3.5. Baseline Mucin-1 and Pulmonary Function Decline

Following the initiation of pirfenidone treatment, there was an overall pattern of reduction in the annualized decline in both FVC and DLCO in the study cohort, although these differences did not reach statistical significance (Figure 5a,b). A comparison of the on-treatment annualized rates of change between the “mucin-1 ≥ 2.5” group and the “mucin-1 < 2.5” group revealed that, while there was no significant between-group difference in the annualized rate of change in FVC (either including or excluding patients with AE-IPF), the annualized rate of decline in DLCO for the “mucin-1 ≥ 2.5” group was significantly greater than that of the “mucin-1 < 2.5” group, even after excluding patients with AE-IPF (Figure 5c–f). Furthermore, a numerically greater proportion of patients in the “mucin-1 ≥ 2.5” group exhibited a ≥ 10% decline in FVC over 24 weeks than in the “mucin-1 < 2.5” group. This trend, though, may be attributable to the functionally detrimental effect of on-treatment AE-IPF (Figure 5g).
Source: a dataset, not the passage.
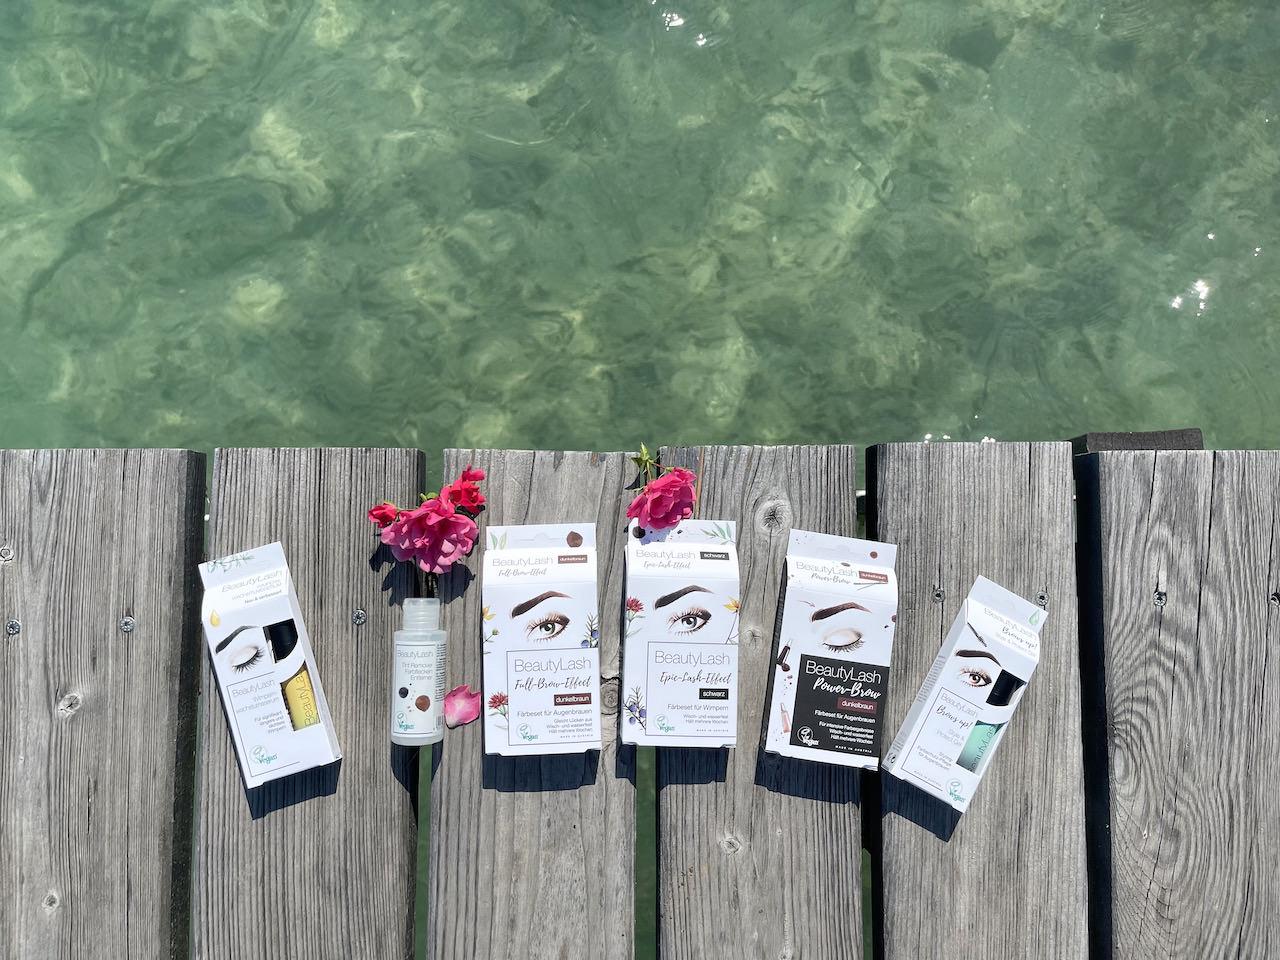 Die Produkte von Beautylash, Augenbrauenfarben und noch viele mehr - für die perfekt gestylten Augenbrauen und Wimpern
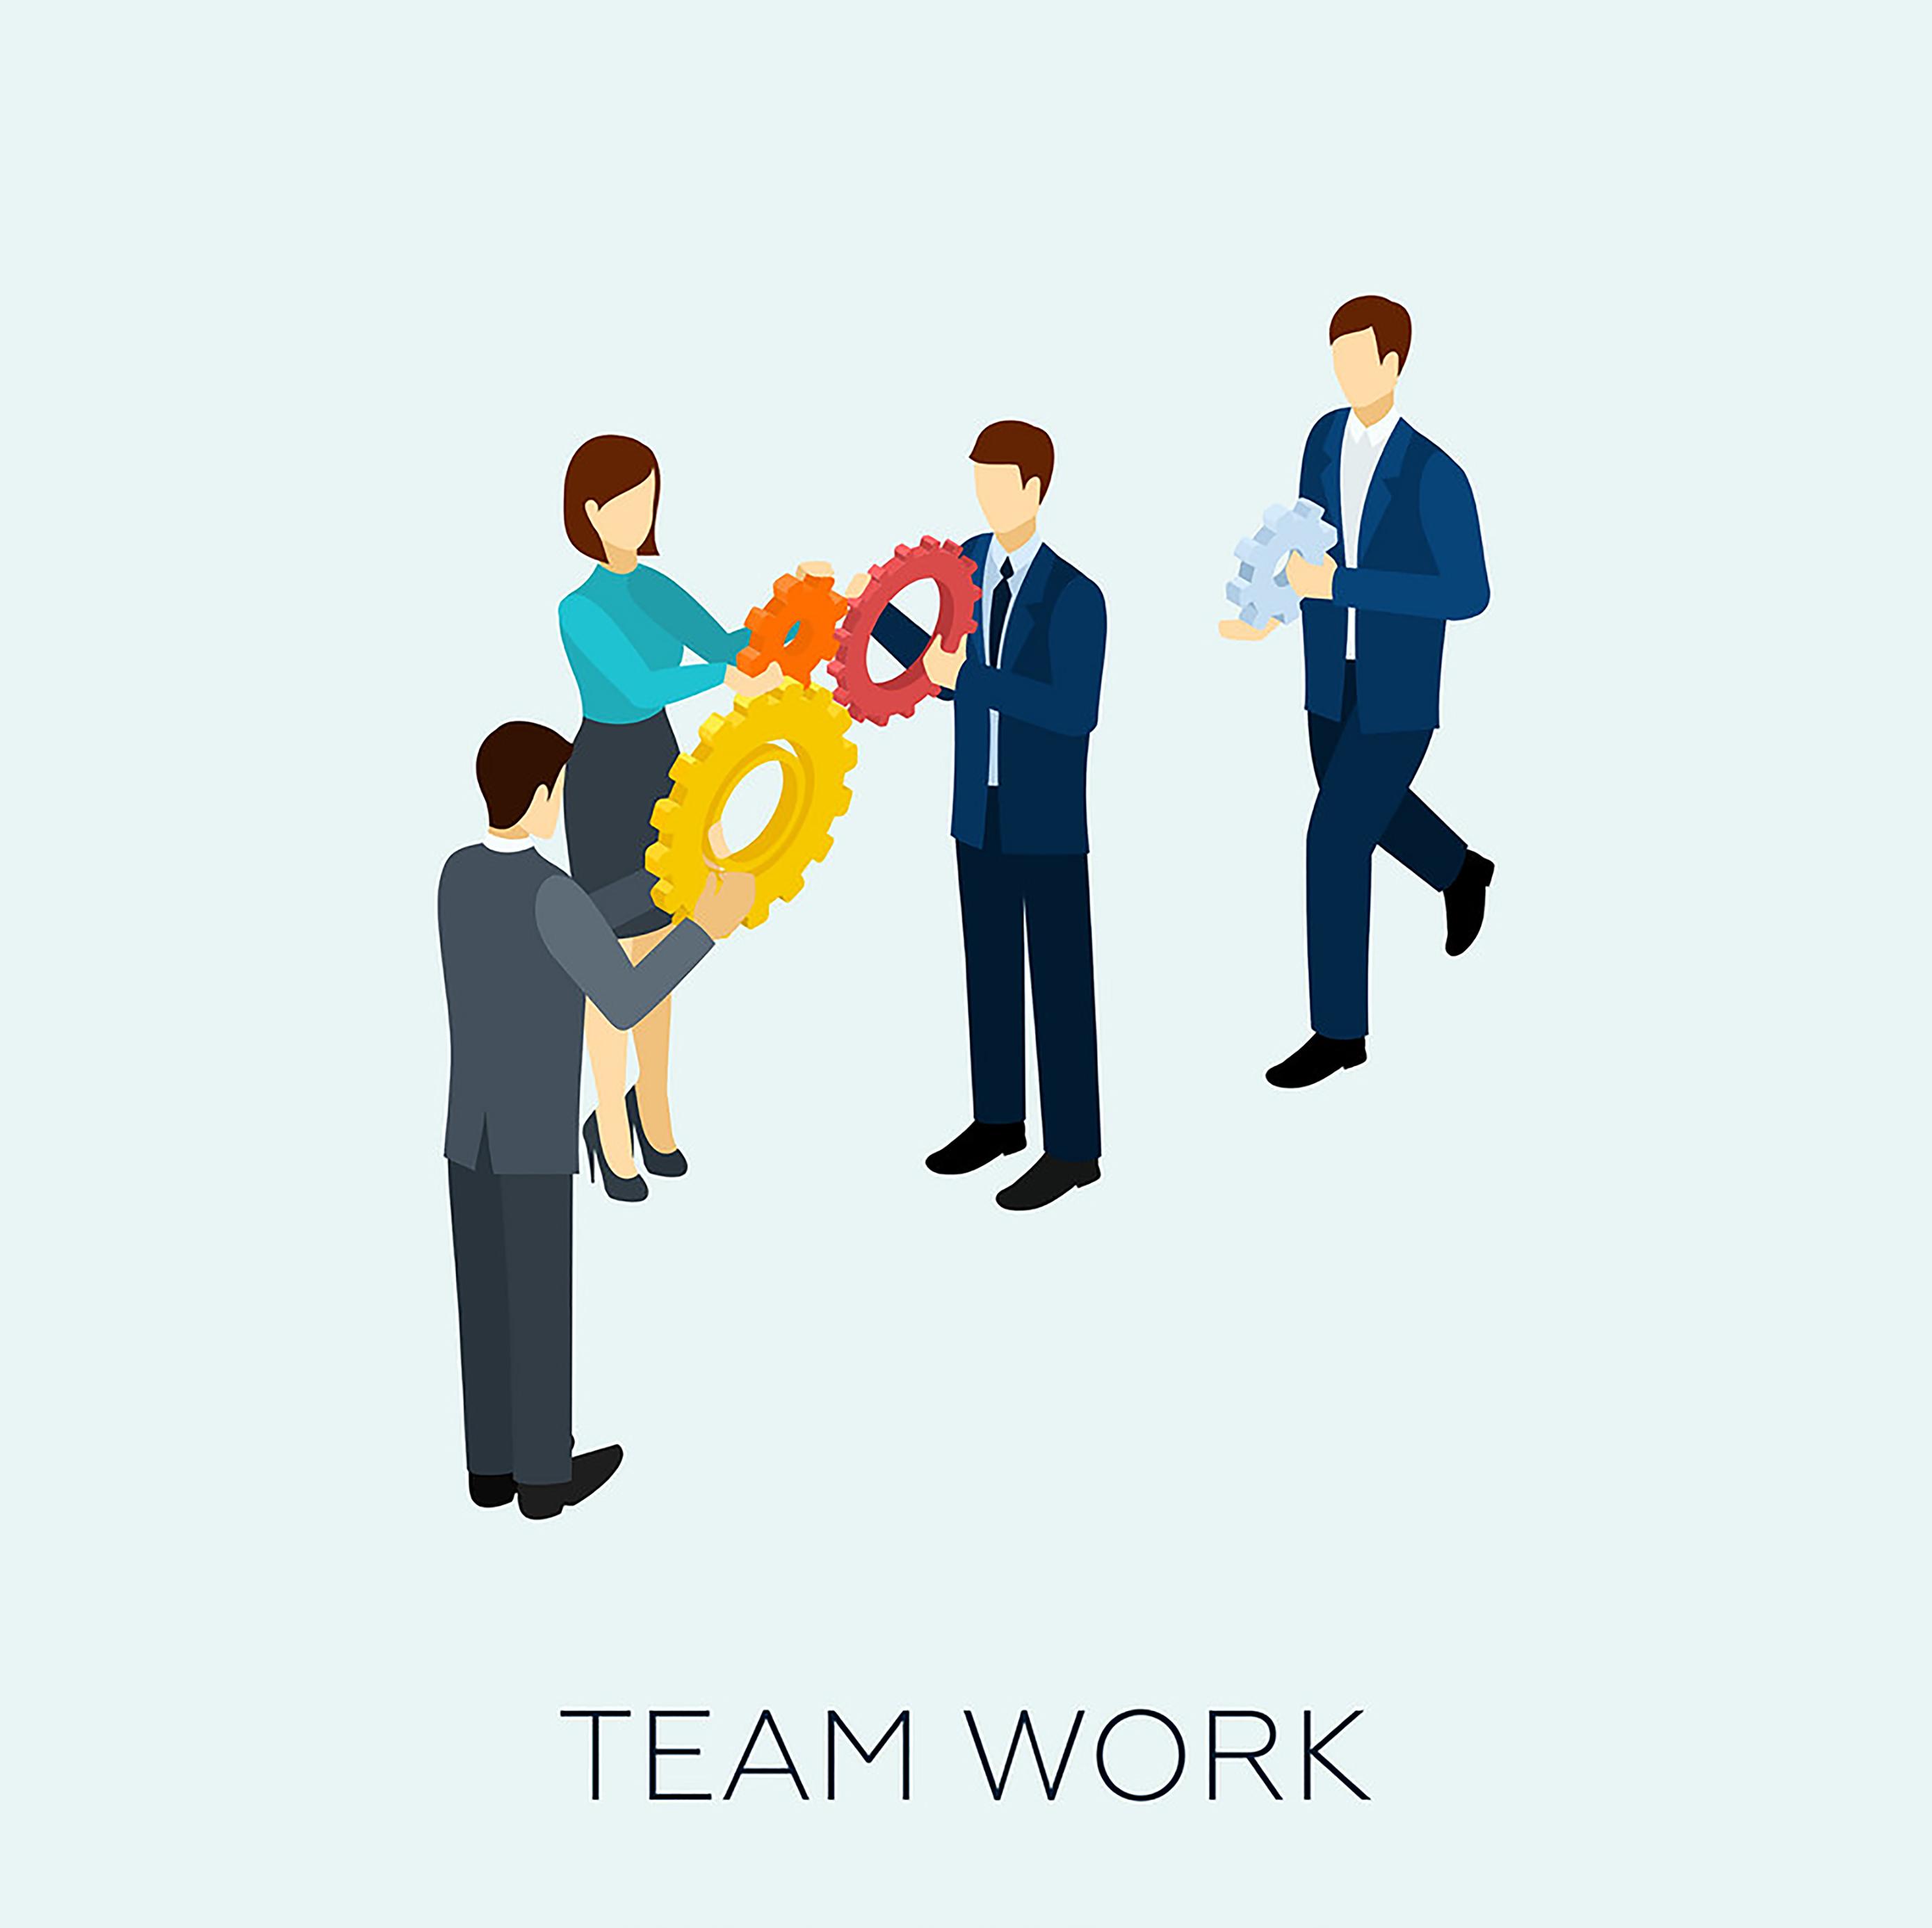 در کار تیمی اعضا مانند چرخ دنده با یکدیگر در ارتباط اند.

However, a significantly greater proportion of patients in the “mucin-1 ≥ 2.5” group suffered a 24-week decline of ≥ 10% in DLCO than in the “mucin-1 < 2.5” group, and this finding persisted after patients with on-treatment AE-IPF had been excluded (Figure 5h).

4. Discussion

In the present study, which involved a real-world cohort of patients with IPF receiving antifibrotic pirfenidone, we found that baseline blood levels of mucin-1 were prognostic. Patients with baseline mucin-1 ≥ 2.5 ng/mL had enhanced risks of on-treatment AE-IPF and SAO (either within 2 years or anytime during the follow-up). These patients also exhibited a greater on-treatment decline in DLCO than patients with mucin-1 < 2.5 ng/mL. These findings confirmed our hypothesis and are supportive of the prognostic utility of the single-time-point baseline check of mucin-1 for patients with IPF receiving antifibrotic treatments.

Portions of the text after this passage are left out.